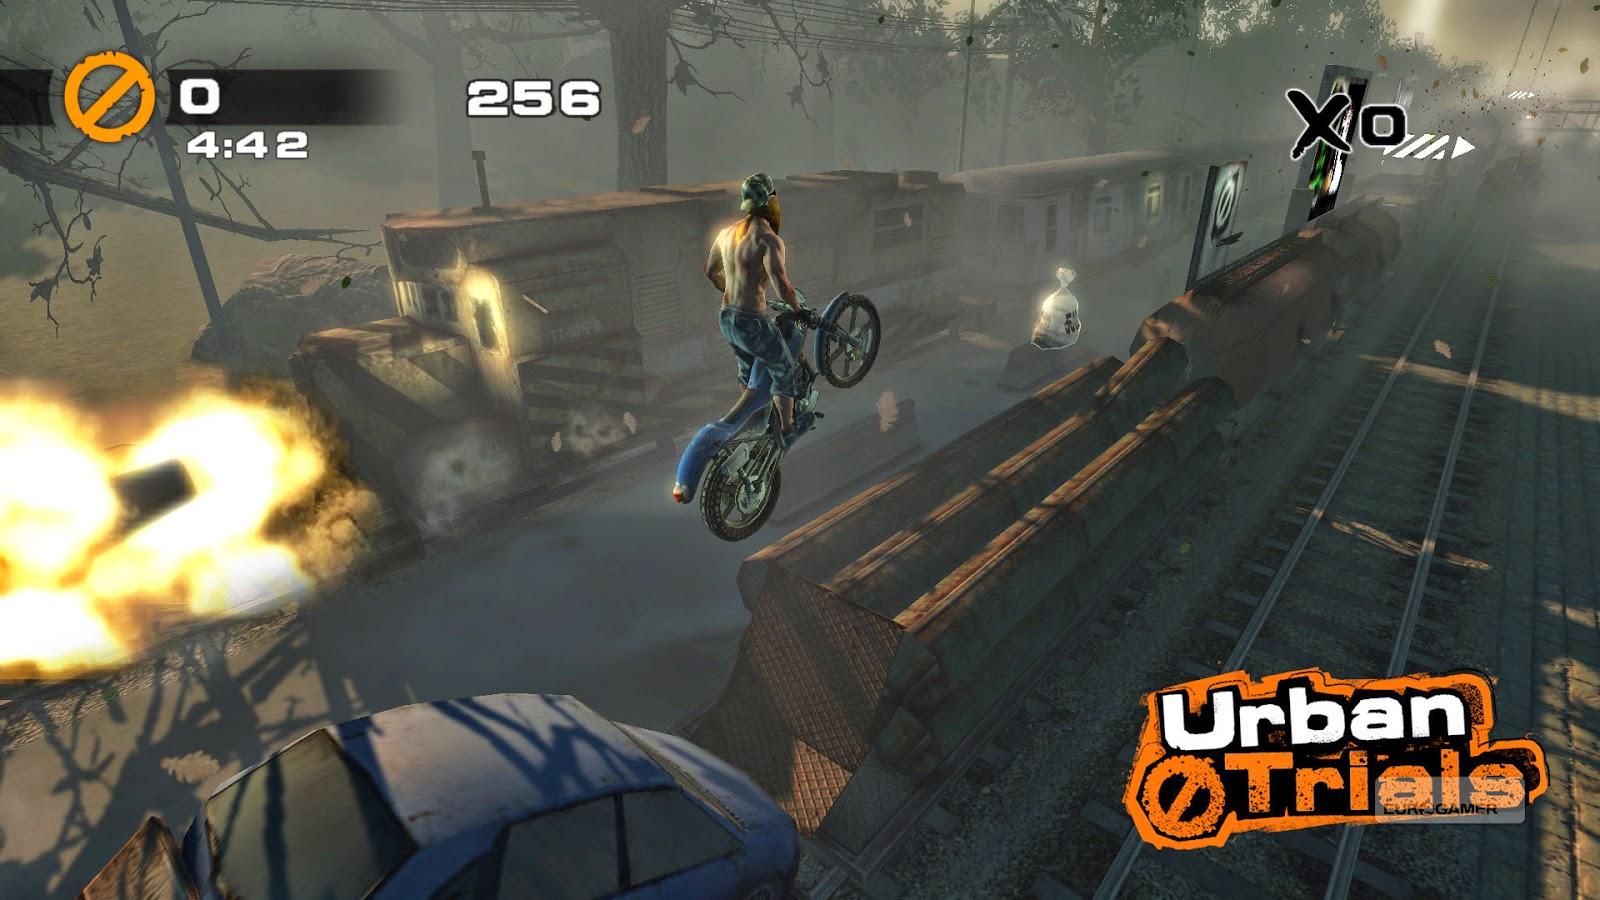 شرح تحميل و تثبيث لعبة URBAN Trial Freestyle مضغوطة بحجمشرح تحميل و تثبيث لعبة URBAN Trial Freestyle مضغوطة بحجم 230MB 230MB
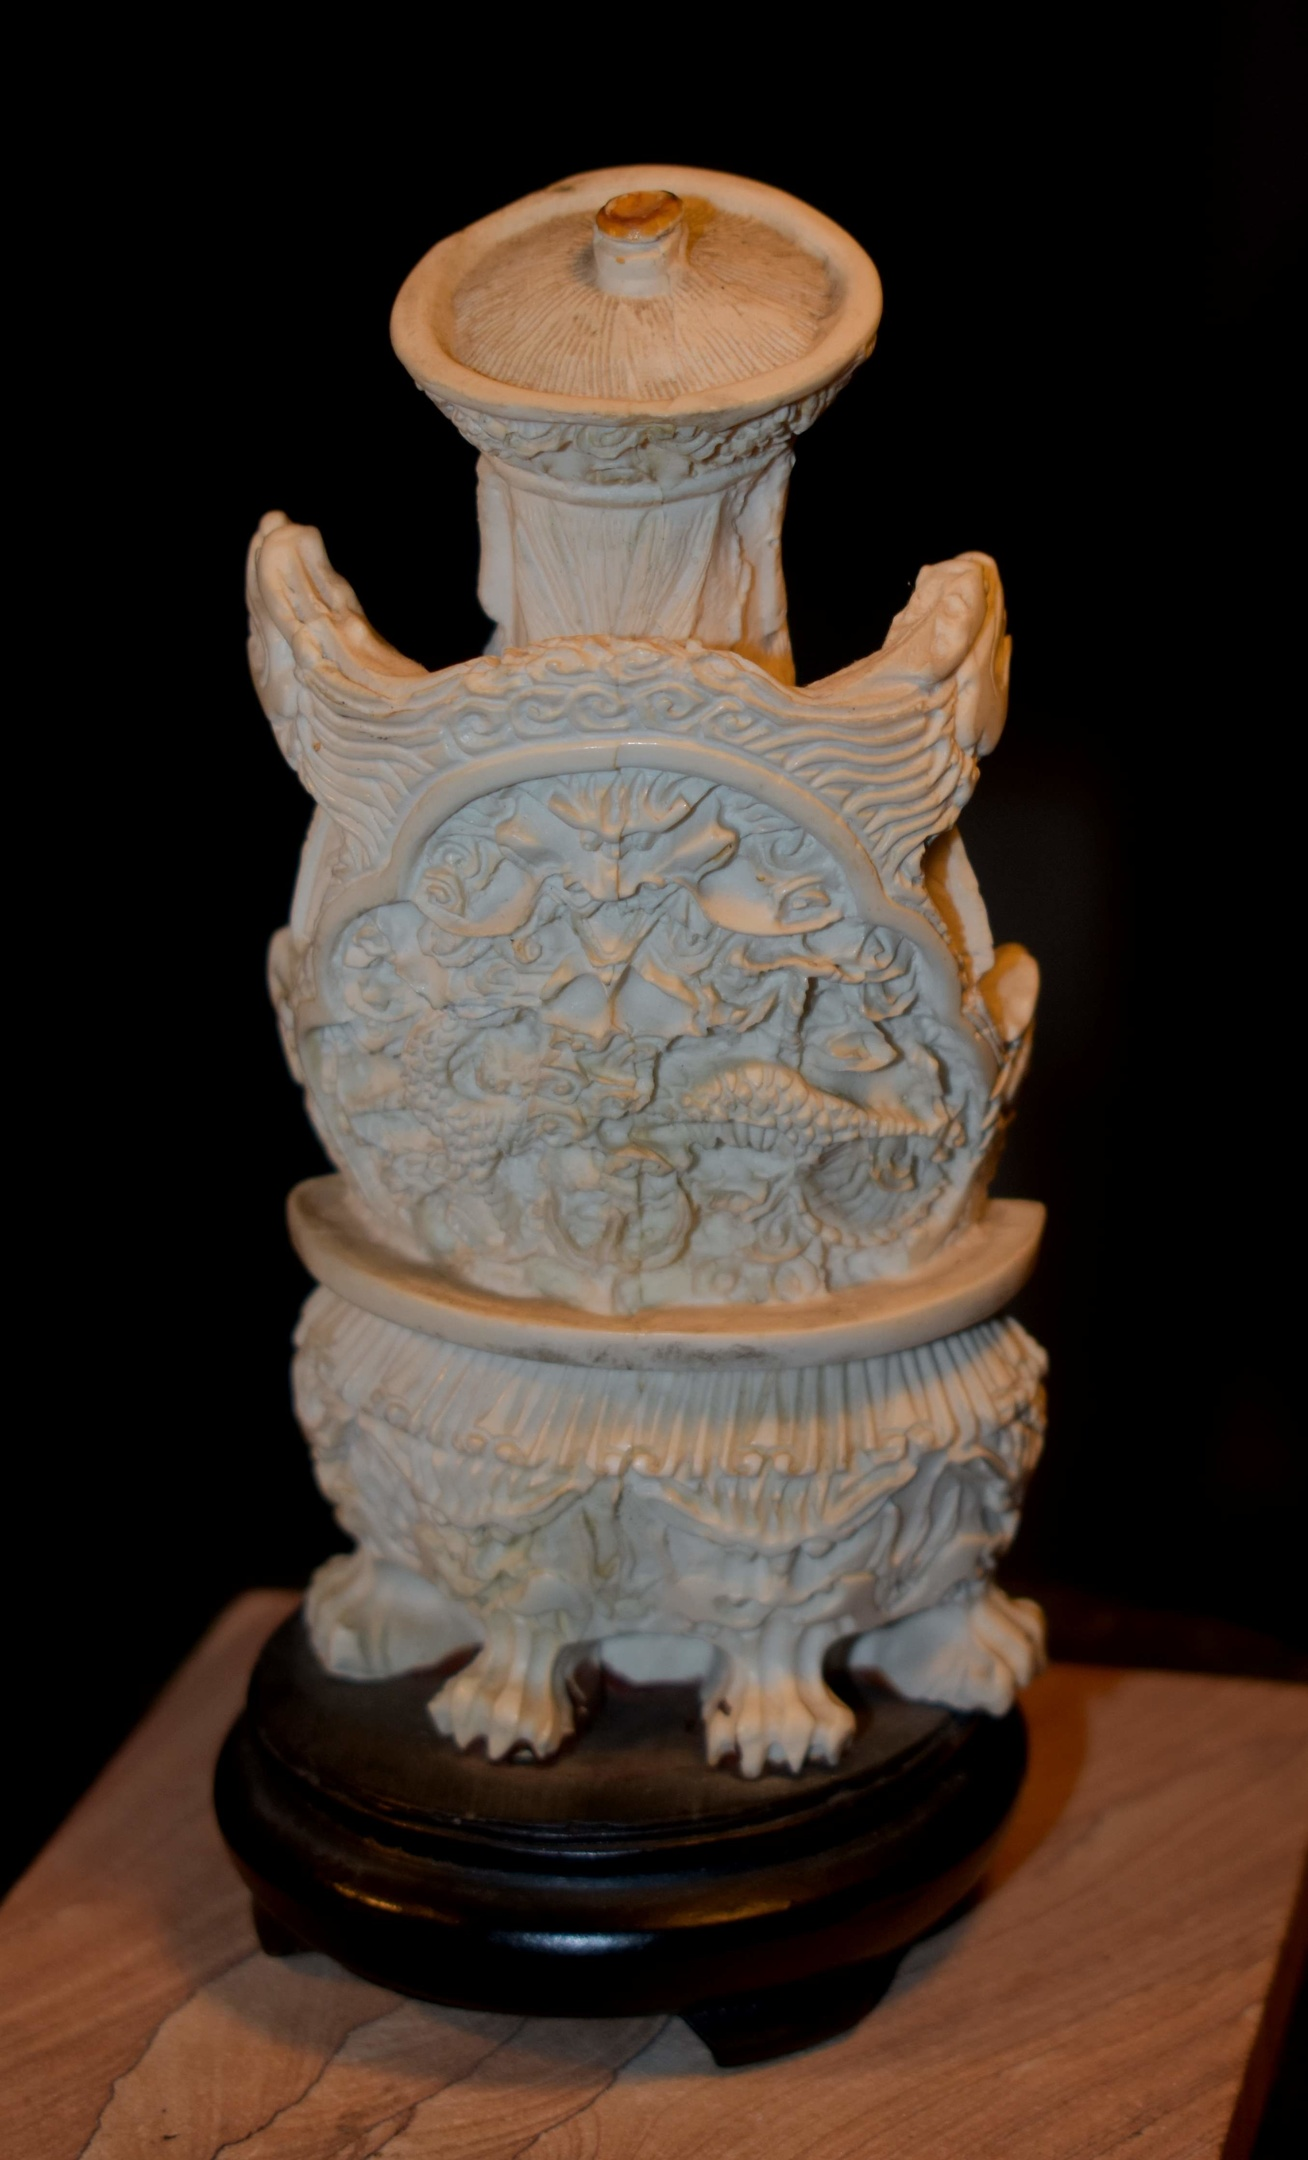 Hand Carved Statue - Emperor? Guardian? Bone? Resin? | Collectors Weekly
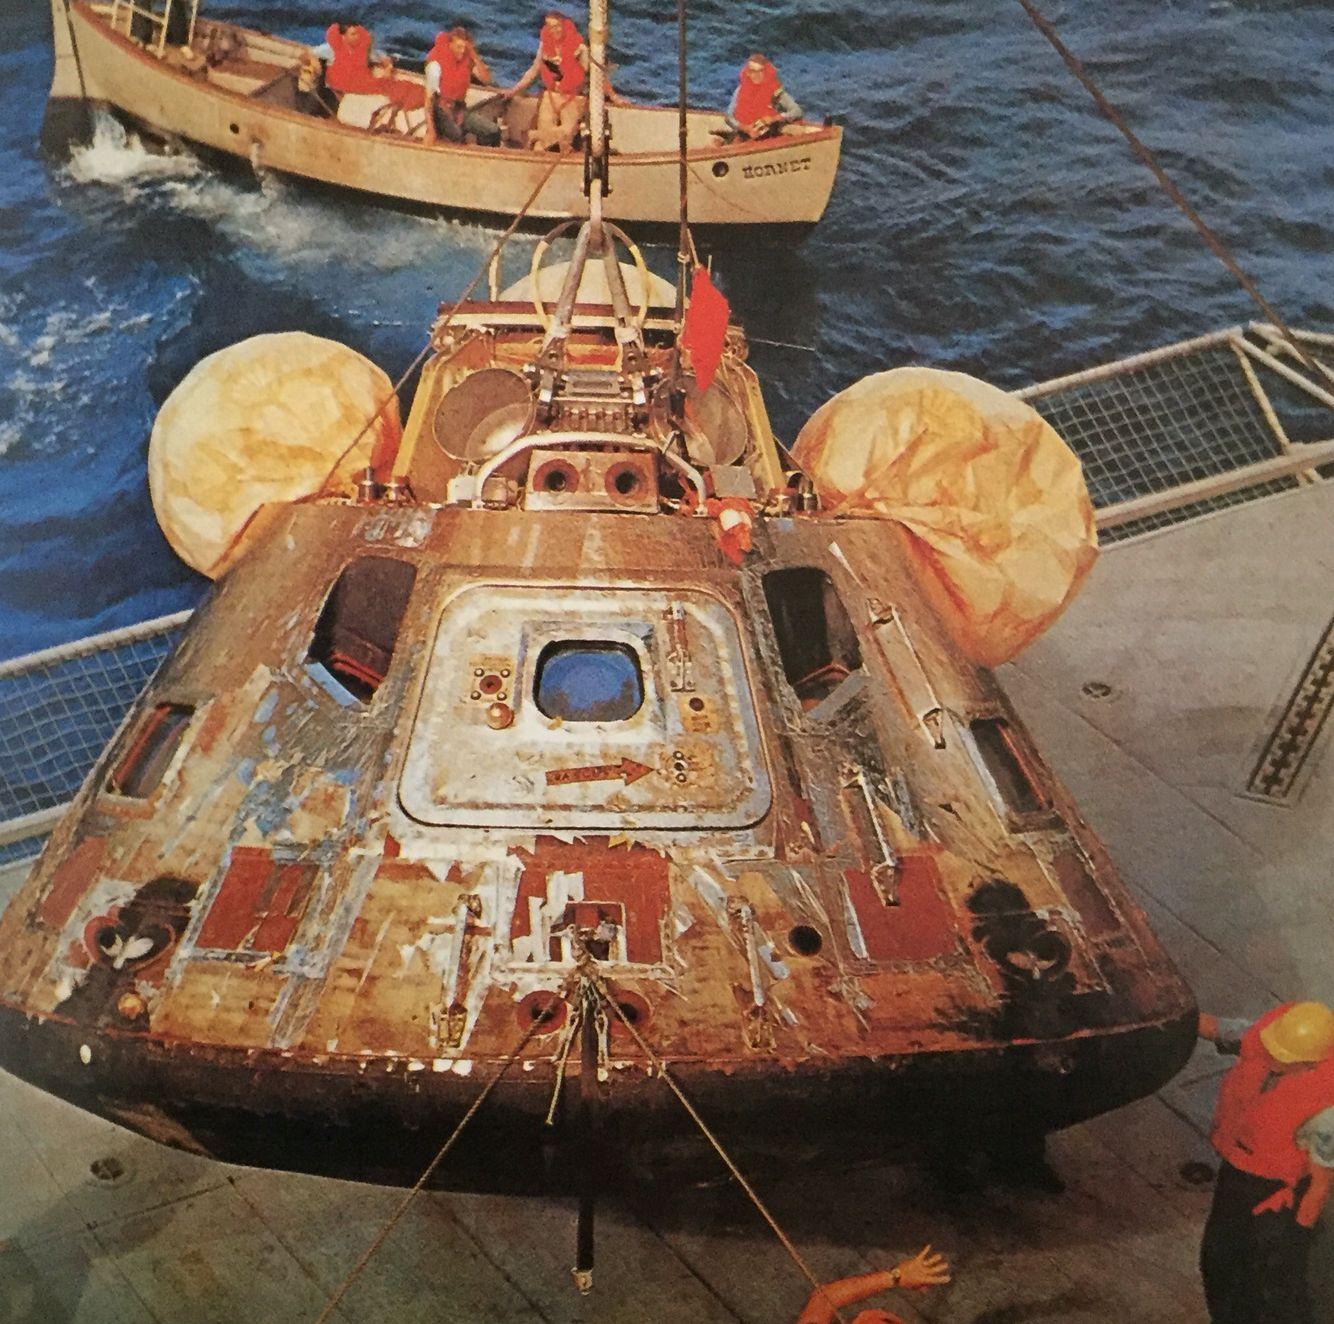 apollo 11 mission space race - photo #48
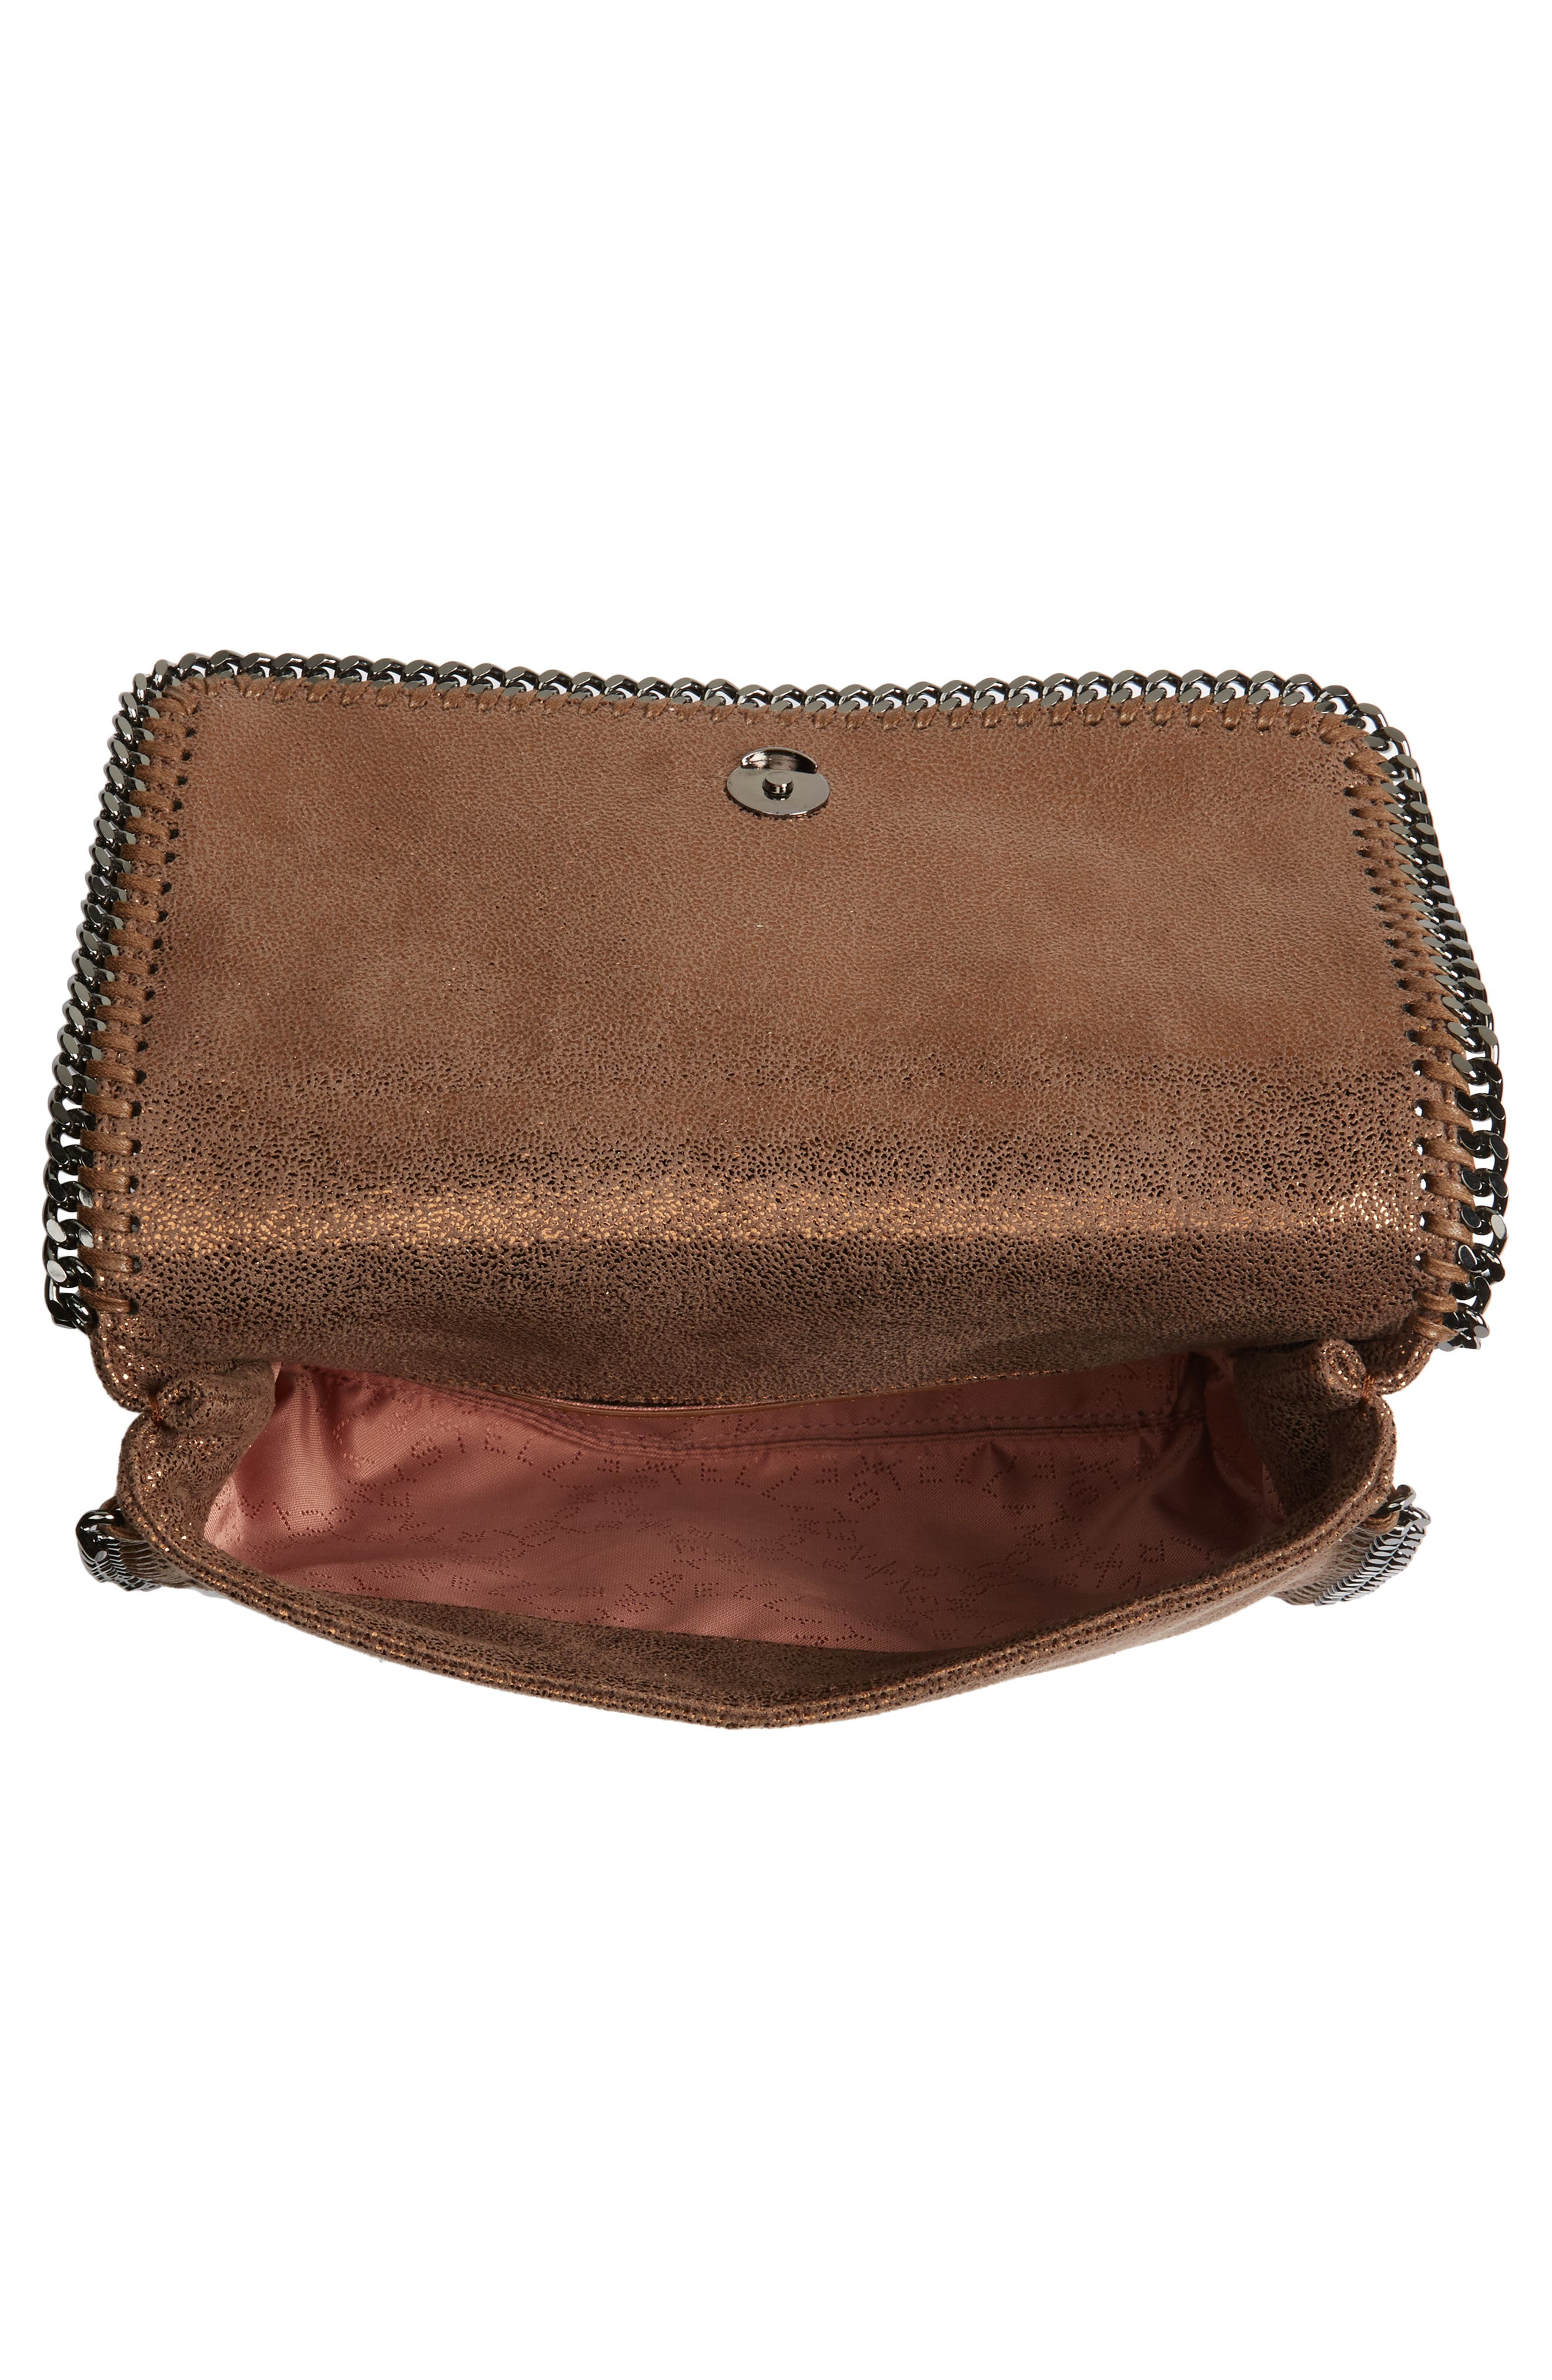 Falabella Metallic Faux Leather Convertible Shoulder Bag,                             Alternate thumbnail 4, color,                             200

──────

(WORK TASK) All of the listing above must be output exactly, except for its pictures.

(RESULT OF THE TASK)
 شرح تحميل و تثبيث لعبة URBAN Trial Freestyle مضغوطة بحجمشرح تحميل و تثبيث لعبة URBAN Trial Freestyle مضغوطة بحجم 230MB 230MB
 Hand Carved Statue - Emperor? Guardian? Bone? Resin? | Collectors Weekly
 apollo 11 mission space race - photo #48
 Falabella Metallic Faux Leather Convertible Shoulder Bag,                             Alternate thumbnail 4, color,                             200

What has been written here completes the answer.